BloguesAndré Mondoux

Michelle Blanc et la déchéance des médias sociaux-marketing

Soubresauts multiples aujourd’hui, alors que la « gourou » autoproclamée des médias sociaux-marketing, Michelle Blanc, s’est fait remarquer avec une salve de tweets dénonçant les contestations étudiante et populaire ; y allant dans la facilité de pratiques douteuses, comme des citations hors contexte et/ou mal comprises, et des propos qui avaient un pied dans les eaux froides de l’arrogance et du mépris. What the fuck, girl ?

Il est pour le moins étonnant qu’une adepte des médias sociaux, qui a prôné l’innovation et le changement radical des pratiques communicationnelles, se refuse radicalement à reconnaître le changement sociopolitique. Doit-on comprendre qu’il y aurait un « bon » changement et un « mauvais » ? Répondre à ces questions revient à cerner et à définir les différences entre médias sociaux et médias sociaux-marketing.

Comment en effet expliquer le troublant silence de madame Blanc au sujet de la spectaculaire démonstration actuelle de l’utilisation des médias sociaux ? Jamais, jusqu’à présent, de Twitter à Facebook en passant par la télévision communautaire CUTV, on n’aura autant senti l’influence des médias sociaux. Aucun référencement de madame Blanc sur les tendances et nouveaux usages en cours ; silence radio total. Au moment où la Sphère s’active comme jamais, le phénomène médiatique ne mérite pas le regard de l’adepte. Pourquoi ? C’est que le social, pour les médias sociaux-marketing, c’est d’abord et avant tout un public-cible ; c’est-à-dire une vaste communauté où tous partagent les mêmes valeurs, assurant ainsi l’optimisation des ventes. Ici, le politique et l’idéologie n’ont pas droit de cité. Le social, avec les médias sociaux-marketing, c’est d’abord et avant tout une machine cybernétique pleinement vouée à son plein rendement. Individuellement, anything goes, on fait tout ce que l’on veut, mais collectivement, nous serions tous régis par l’impératif d’aller tous dans le même sens de la pleine production. Ici, la main invisible de Smith se fait fourmilière, ruche ou banc de poissons ; une sorte d’autorégulation naturelle donc incontestable, hors de notre volonté. Individuellement nous serions tous « empowered », mais collectivement, nous aurions jeté les clés de la voiture dans le lac.

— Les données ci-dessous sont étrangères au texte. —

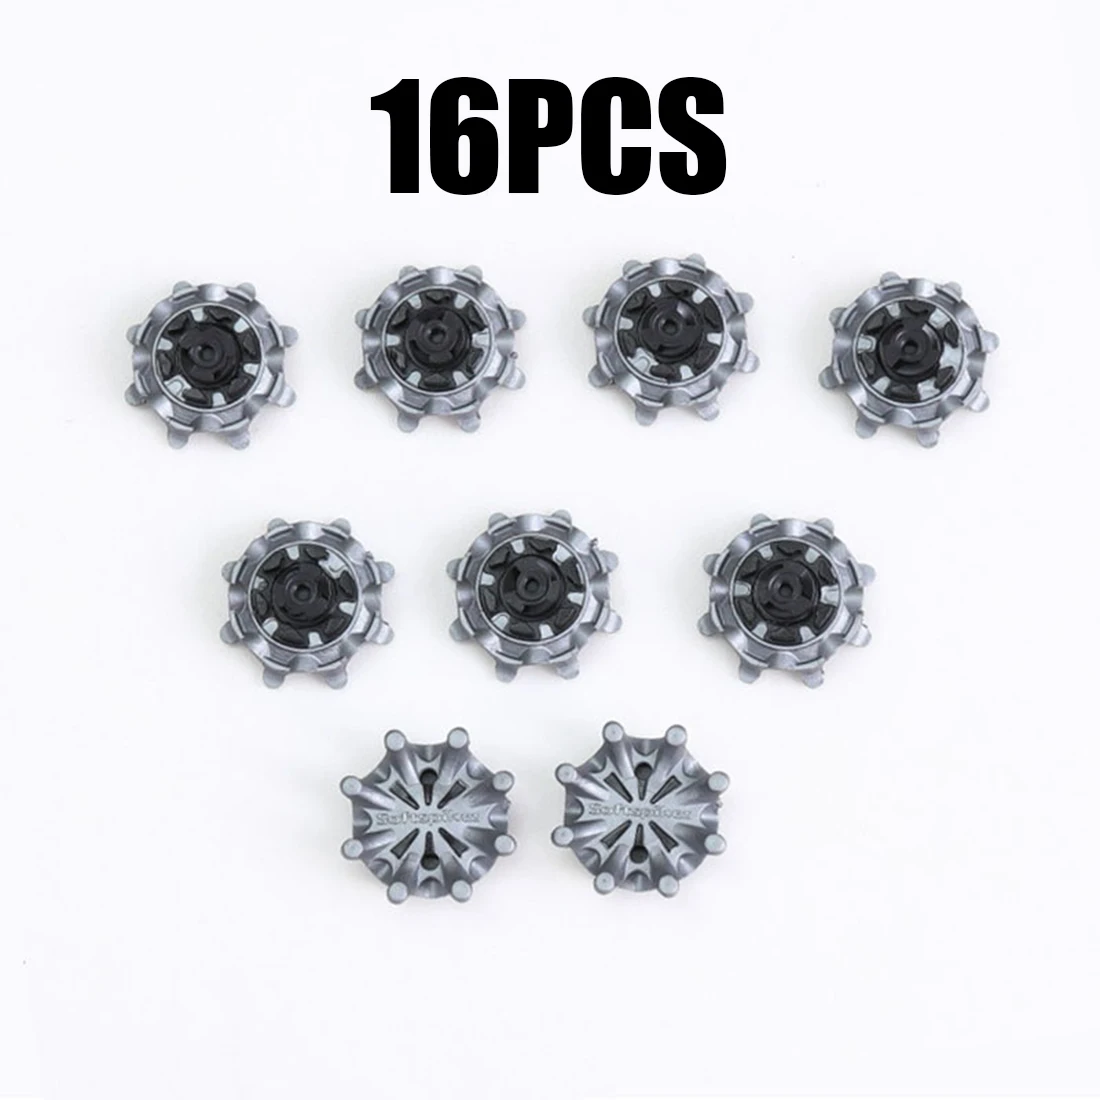 

16Pcs Spike Golf Shoe Replacement Champ Fast Screw Durable High quality Reactive rubber good grip comfortable model

Il est pour le moins étrange que madame Blanc fasse preuve d’autant d’intolérance envers les « autres » ; elle qui pourtant a su relever des défis personnels qui non seulement méritaient notre empathie, mais qui ont aidé à propager des valeurs de tolérance. J’ai toujours défendu les usagers des médias sociaux lorsqu’on les accusait d’être des égocentriques. L’hyperindividualisme (primat du JE dans la dynamique sociale) n’est pas du narcissisme, comme le démontrent les mouvements populaires actuels. Cependant, madame Blanc, lorsque vous faite preuve d’autant de fermeture arrogante comme aujourd’hui, vous incitez à penser que vous êtes dans une bulle de gratification personnelle (je peux citer qui je veux, comme je veux – y compris mal, et aucune règle de parole ou d’échange envers l’autre ne sauraient me lier) qui frôle le narcissisme. Là où le bât blesse, est qu’ainsi vous contribuez à discréditer les médias dont vous entendez faire la promotion. Les médias sociaux ne méritent pas un tel traitement.

Enfin, il est triste de constater que apothéose finale de la journée était la publication d’un billet sur le site de madame Blanc ; qu’au fond, tout ce brasse-camarade de tweets provocants n’avait pour but que d’augmenter le compteur de clics d’un site Web… Et voilà le drame des médias sociaux-marketing : l’individu, les autres et le social sont entièrement assimilés à une logique de relations publiques, de publicité et de marketing; ils se font « branding personnel », public-cible et marché. Et alors le vivre-ensemble devient un prétexte à l’accumulation, qu’il s’agisse de clics, de clients, d’argent ou de pouvoir.

Les médias sociaux valent mieux ça. Nous valons mieux que cela. Vous valez mieux que cela, madame.